PM's = Praying Mantids, Rick, sorry.

Just wondering why people were interested in them, in particular.

Steve

(You missed out Q1, btw)


----------



## yen_saw (Dec 18, 2006)

1) The most fav matis that you had, and why?

*Budwing - beautiful and easy to raise/breed.*

2) Most difficult Mantis that you have tried to keep in captivity?

*Ground mantis - Litaneutria minor*

3) Approx how many types have you ever had?

*About 40 species*

4) Have any of your mantids ever been killed by anything meant to be prey?

*Crickets - when i was 7 year old, i have 10 crickets in with one unknown mantis.*

Wasp - severly injured a chinese mantis and die later

5) Most pretty Mantis?

*Orchid mantis and idolomantis*

6) Most unusal looking?

*Brunneria Borealis and Sybilla Prestiosa *

7) Most aggressive?

*Female African mantis - Sphodromantis sp.*

Most long lived you had?

*Ghost mantis - 1.5 yr (as adult)*

9) Best tips on hatching and ooth, in your personal experience?

*Find out the exact weather condition where the species live.*

10) Why do you like PM's, esp?

*They are ambushed type predator :twisted: *


----------



## Ian (Dec 18, 2006)

1) The most fav matis that you had, and why?

*Definately Miomantis, so small, yet such a character. *

2) Most difficult Mantis that you have tried to keep in captivity?

*Idolomantis I think.*

3) Approx how many types have you ever had?

*Last summer I had 19 species, all in all, about 35. *

4) Have any of your mantids ever been killed by anything meant to be prey?

*Yea, eaten by a dam cricket. Oh, and I have had a fight between two of my adult females, and one got eaten. *

*5) Most pretty Mantis? *

Creobroter Gemmatus

6) Most unusal looking?

*Sybilla Pretiosa/Popa Spurca*

7) Most aggressive?

*Hierodula Picta/Blepharopsis Mendica*

8) Most long lived you had?

*Creo Gemmatus, about 20 months or so, laid me 12 ootheca!*

9) Best tips on hatching and ooth, in your personal experience?

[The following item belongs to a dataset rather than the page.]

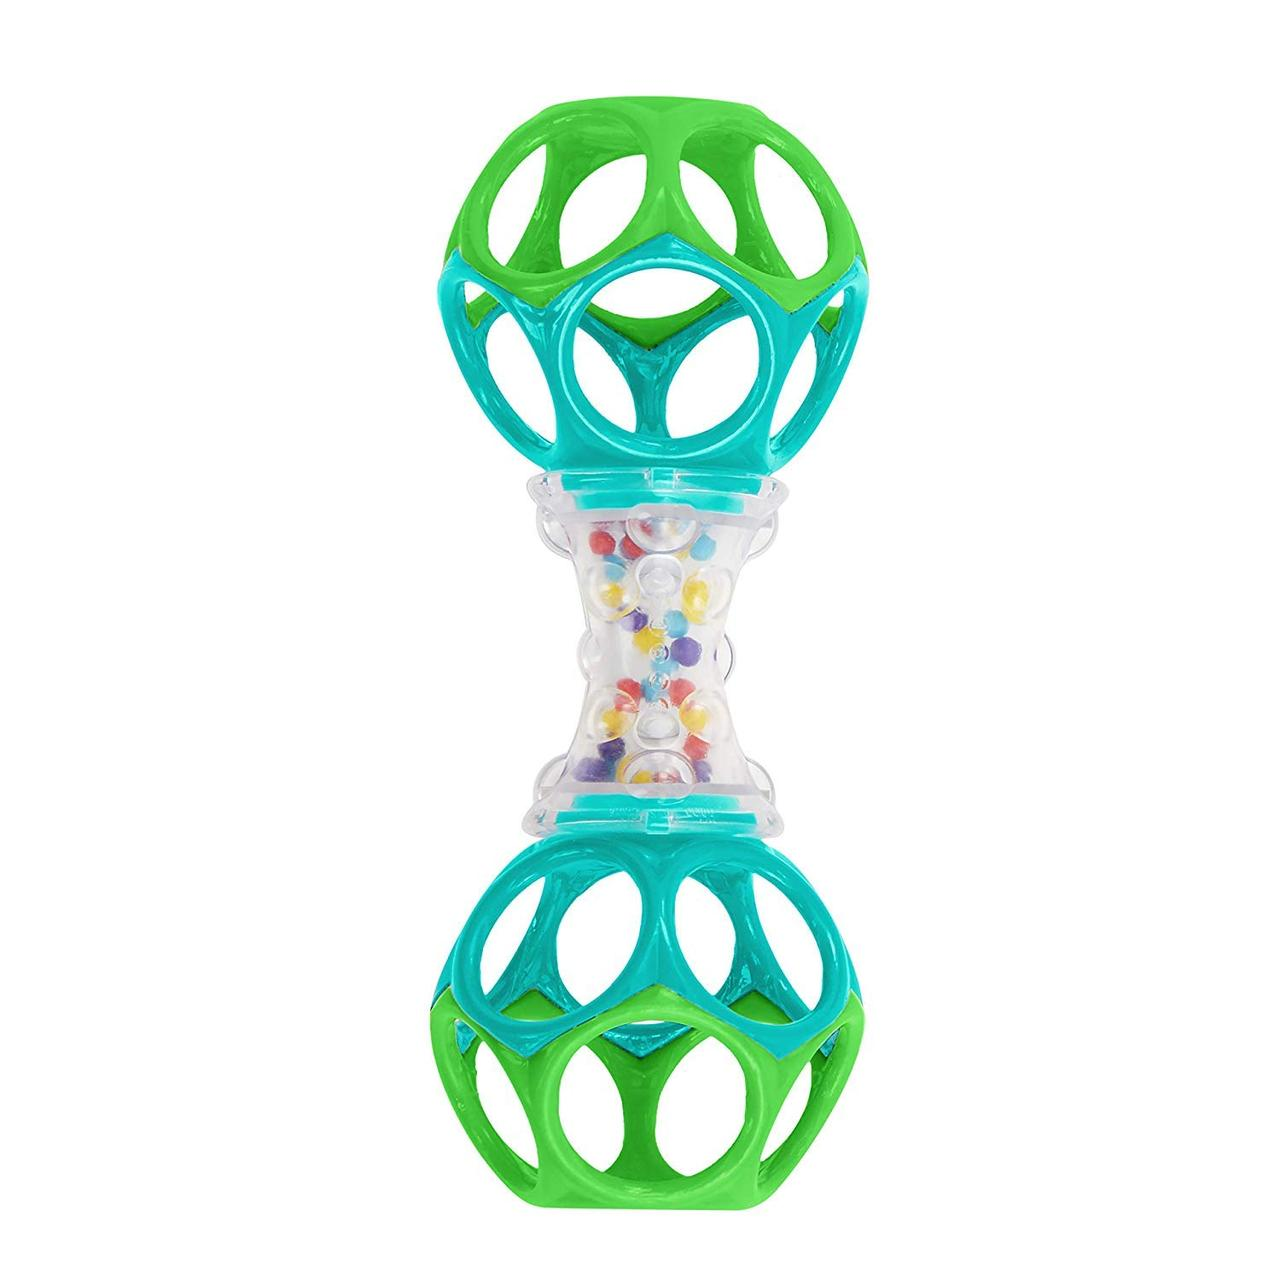 Погремушка O Ball Bright Starts Oball Shaker Rattle Toy

*String them up, throw them in the gecko tank, and wait. *

10) Why do you like PM's, esp?

*They are a little different, and kinda mythical. *


----------



## Christian (Dec 18, 2006)

Hi.

Ok, let's see:

1) The most fav matis that you had, and why?

*Idolomantis diabolica for obvious reasons...*

2) Most difficult Mantis that you have tried to keep in captivity?

*Primitive species (Perlamantis, Amorphoscelis), most Liturgusidae except Humbertiella, most highland (Antemna rapax, Choeradodis stalii) and some forest understorey species (Macromusonia major, Thesprotiella peruana, Acanthops tuberculata, Vates sp.)*

Raising was never a problem, but breeding.

3) Approx how many types have you ever had?

*Several dozens of species among the years.*

4) Have any of your mantids ever been killed by anything meant to be prey?

*Crickets, roaches.*

5) Most pretty Mantis?

*Hymenopus, Parhymenopus, Metallyticus, Pseudocreobotra, Chlidonoptera*

6) Most unusal looking?

*Idolomantis diabolica, Phyllocrania paradoxa, Toxodera/Paratoxodera/Stenotoxodera sp., Stenophylla sp., Miracanthops poulaini, Zoolea sp.*

7) Most aggressive?

*Mantis religiosa, Iris oratoria, Eremiaphila sp., most Hierodula and Sphodromantis species.*

8. Most long lived you had?

*Acanthops, Deroplatys*

9) Best tips on hatching and ooth, in your personal experience?

*Let them where they were laid.*

10) Why do you like PM's, esp?

*Why not? * :lol: 

Regards,

Christian


----------